# OMG I'm a Dad!!!



## Jon in SW Ohio (Jan 30, 2007)

Before you ask, no it's not from one of my weekend drinking or gambling jaunts  

After months of complaining about how none of my fish ever breed and I never see any eggs to the point that I was considering playing some Barry White in the fish room, I got a huge shock today. I fed my Killifish a couple dozen guppies a couple weeks ago, and noticed they didn't eat a couple of them. I figured they just thinned out the herd and the fast and smart guppies survived. Well today, I noticed instead of 2 or 3 guppies, I had closer to 10 and some were way too big! On closer look, sure enough, they are baby _Fundulopanchax sjoestedti_!!

Here's one with one of the male guppies:






Some others:









And here's Papa resting after a large meal of bloodworms:





To see more pics of Mom and Dad, look here:
http://www.slippertalk.com/forum/showthread.php?t=1750&highlight=fundulopanchax

Jon


----------



## gore42 (Jan 30, 2007)

Awesome Jon  Your plants look really healthy, btw. What kind of light do they get?

- Matt


----------



## Heather (Jan 30, 2007)

Congratulations on the new arrivals!


----------



## Jon in SW Ohio (Jan 30, 2007)

gore42 said:


> Awesome Jon  Your plants look really healthy, btw. What kind of light do they get?
> 
> - Matt



I confess, they're plastic. The only aquatic plant I can seem to grow is hair algae and duckweed 

Jon


----------



## Heather (Jan 30, 2007)

Jon in SW Ohio said:


> I confess, they're plastic. The only aquatic plant I can seem to grow is hair algae and duckweed
> 
> Jon



and here we were under the impression you were this great grower...oke:


----------



## Jon in SW Ohio (Jan 30, 2007)

Heather said:


> and here we were under the impression you were this great grower...oke:



Who?
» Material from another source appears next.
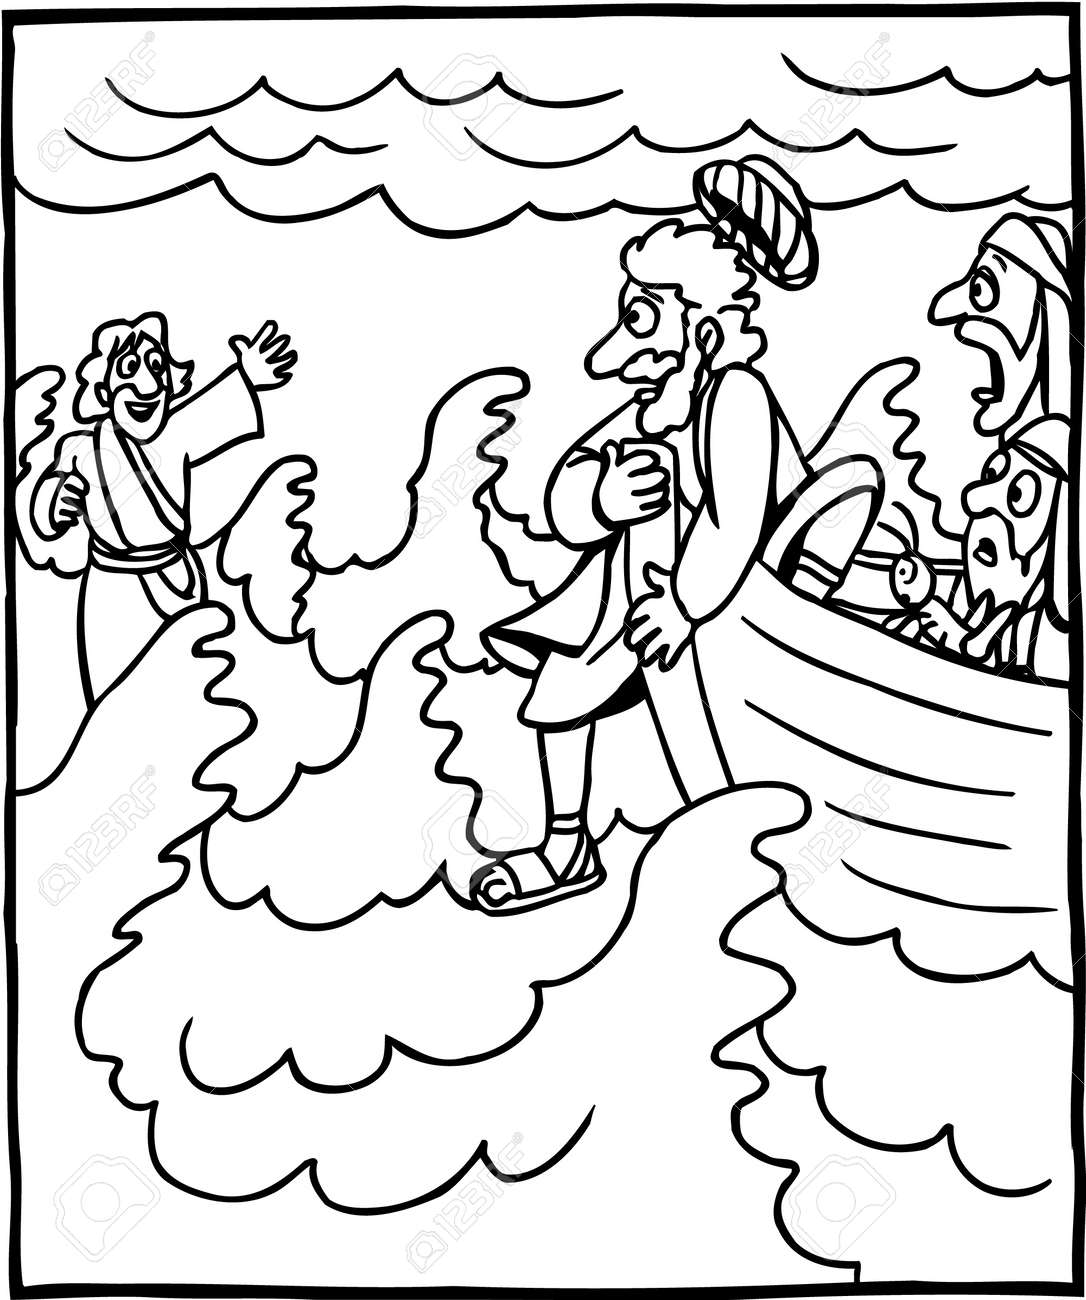 Coloring page of jesus and peter walking on water royalty free svg cliparts vectors and stock illustration image

Me?  
I am but a simple fish raising coral junkie  

Jon


----------



## PHRAG (Jan 30, 2007)

Congratulations! They have your lips. 


:evil:


----------



## L I Jane (Jan 30, 2007)

Wowee Jon--very good.I've missed the updates on your coral aquarium with the neat fish (dragon something?? )


----------



## smartie2000 (Jan 30, 2007)

Geeez I actually thought you had a human baby.
Nice fish fry!


----------



## Jon in SW Ohio (Jan 30, 2007)

:rollhappy: I figured the title would at least get everyone from AIM to read the post 

Jane you're right! I've been keeping a blog of sorts on one of the coral forums, I'll have to copy it over to here. I'm happy to say the Mandarin Dragonet is still alive and well, but he now lives in my 20g prop tank instead of the display tank. I run the prop tank "dirty" (natural filtration by plants and live rock) and it's full of macroalgaes so there is live food galore for him. I think it makes both our lives much easier. I'm still waiting for the Royal Gramma to jump out of the tank so I can put something a little more extravagant and gentler in there. But like they say, the good ones die young...so I'll be stuck with him for a long time...

Jon


----------



## Park Bear (Jan 31, 2007)

Jon, you will need to remove the fry because they will eat their siblings and mom and dad might also might still eat them. I'm sure the eggs were laid in the gravel, by the hundreds. If you miss a couple of feedings they just, the parents, just might get hungry and pick a few off.


----------



## NYEric (Jan 31, 2007)

I was just about to say the same thing. I love children, a little barbeque sauce and 1 hour in the oven...


----------



## dave b (Jan 31, 2007)

Way to go Jon. Very cool looking parents. 

Your Mandarin should do well in the "dirty" refugium tank. They will have much more food with the presence of the algae and especially the copepods that thrive in the refugiums.


----------



## Jon in SW Ohio (Feb 25, 2007)

Well it hasn't even been a full month yet, and these guys are HUGE!
The males now measure about 3 inches long and the females around 2 inches long. The males are even taking on their adult coloration already!

I'm still debating what to do with them. They still live with their parents and I feed the tank twice a day to keep everyone full and less active. I am really gonna need more tanks very soon...

Here they are today:













Jon


----------



## Heather (Feb 26, 2007)

Oh. No. 


Not more tanks?


----------



## Park Bear (Feb 26, 2007)

that is how it works....for killies on the average you need about 5 tanks per species to accommodate the different sizes of the fry


----------



## Ron-NY (Feb 26, 2007)

:rollhappy: cute title!!

I have a cute guppy story...when I was in 5th grade I had a 5 gal tank with a few guppies. I lost interest in it but would remember to throw some food in once and awhile. Algae covered the glass so I couldn't see in. I am not sure how long it was before I decided to clean the tank but after I did I sold 100 guppies to the local pet shop prolific little buggers


----------